Наводка: протянуть огромный телефон Зары со сделанной три года назад фотографией Коул и Майлса, мальчик в голубом полосатом комбинезоне достаточно бесполый, чтобы сойти за девочку; эту фотографию Билли загрузила со странички своей сестры в «Фейсбуке».
– Давайте для начала выясним следующее, мэм, – говорит Курчавая. – Я с радостью вам помогу, но сначала вы должны заполнить анкету воссоединения, если только вы уже не зарегистрированы в нашей службе, но в этом случае мне нужен номер вашей карточки социального страхования и… – Конец фразы теряется в истошном крике одной из девочек, которая вбегает в фойе и прячется за плюшевым диваном, на котором сидит страдающая деменцией старая дама, смотрящая на стоянку.
– Это займет всего минуту, – говорит Билли, показывая телефон. – Вы их видели? Пожалуйста! У моей сестры проблемы с психикой, и я должна передать ей лекарство. – Еще одна демонстрация, достать из кармана пузырек, с зелеными и белыми, теми, которые сладкие, таблетками, и потрясти его. – Мне нужно срочно дать их сестре.
– Я не могу раскрывать подобную информацию, – говорит социальная работница. – Вы должны зарегистрироваться у нас. Это сведения личного характера.
– Что важнее, неприкосновенность личности или здоровье и безопасность ребенка? Подумайте о ее дочери. У моей сестры проблемы с головой, она не отдает отчета в своих действиях, а вы, отказываясь мне помочь, подвергаете угрозе ее дочь!
– Пожалуйста, оставьте мне свои координаты, и я их ей передам.
– Вы хотите сказать, она здесь.
– Мэм, я хочу сказать, что если вы оставите мне свои координаты, я их передам, если здесь появится кто-либо, подходящий под ваше описание. Но весь процесс многократно ускорился бы, если бы вы заполнили вот эту анкету. – Она стучит по зеленому бланку на стойке. – Эта система предназначена как раз для того, чтобы помогать таким, как вы и ваша сестра. Но вы должны быть в ней зарегистрированы.

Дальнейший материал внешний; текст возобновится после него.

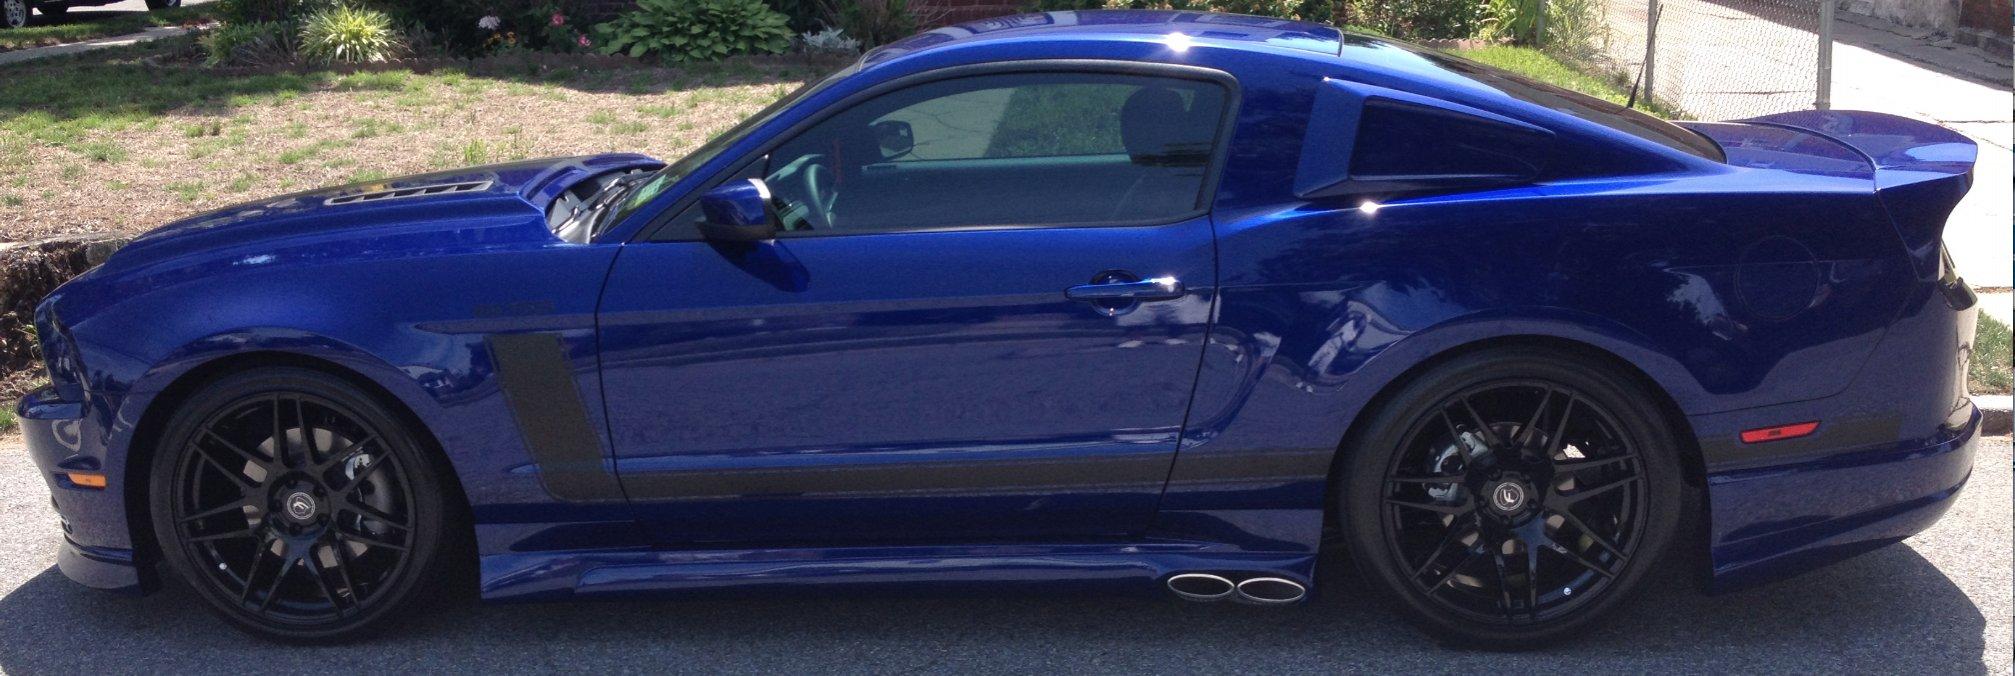 Black Strips or White Strips on Deep Blue Impact  Mustang Evolution

– Мне это не нравится, – говорит Билли. Они это обсуждали, она и меньшее из двух зол, приставленных к ней. Если на Коул и Майлса разослана ориентировка, федералы разыскивают также и ее. Американский жаргон, почерпнутый из телевизора и кино, забавляет ее. Это все равно что попасть в одну из серий «Закон и порядок: специальное мужское подразделение». Однако это означает, что она не покажет этой корове-бюрократке, только притворяющейся любезной, свою несуществующую карточку социального страхования или южно-африканский паспорт и не предоставит какие-либо другие данные о себе.
– Я вас прекрасно понимаю, – с фальшивым сочувствием говорит социальная работница, – но таков порядок. Вы можете обсудить это со своим адво…

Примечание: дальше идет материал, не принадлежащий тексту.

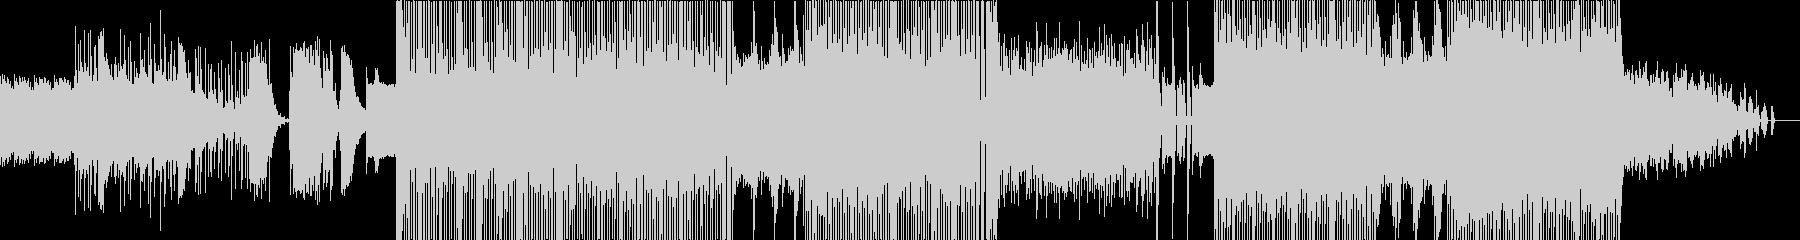 EL SANTOの未再生の波形

Но Билли взрывается. Вулканическая ярость, из ниоткуда.
– Знаешь что? Да пошла ты!.. Вместе со своим высокомерием! Я беспокоюсь о своей сестре! А ты разыгрываешь передо мной чертову «Штази»[25]. Куда подевалось право на неприкосновенность личности? Что стало со свободой информации?
– Полегче, успокойся. – Рядом с ней материализуется пришедшая с улицы Рико. – Приношу свои извинения, моя подруга не в себе, ей пришлось столько вынести. Вы бы нам очень помогли, если бы сказали, видели ли их…
– Воссоединение? Скорее расщепление. Трещина! Раскол! Вот чем вы занимаетесь! Вонючие крысы!
– Уймись! – Рико хватает ее за плечо с такой силой, что останутся синяки, и шипит ей в ухо: – Ты только все испортишь!
Билли вздрагивает. Они с Коул называли это «крапивкой». Частенько делали такое друг дружке. «Девочки, ваши игры слишком жестокие!» Они хватали друг друга за руку, в той сладкой точке прямо под бицепсом. Столько «крапивок» за одни длинные зимние каникулы, когда Коул в четырнадцать лет впервые пошла на осмотр к гинекологу, черно-синие синяки на обеих руках видны под халатом с короткими рукавами, и врач спросил, кто ее избил.
– Это никуда не приведет, – говорит Рико, сверкая улыбкой, словно ножом.
– Я все понимаю, хорошо? – Билли высвобождает руку. – Я все понимаю. – Она выходит на улицу, между бельевыми веревками с обмякшей чужой одеждой, и выуживает из кармана пузырек с таблетками. Опять этот запах. Гниющие цветы и отчаяние.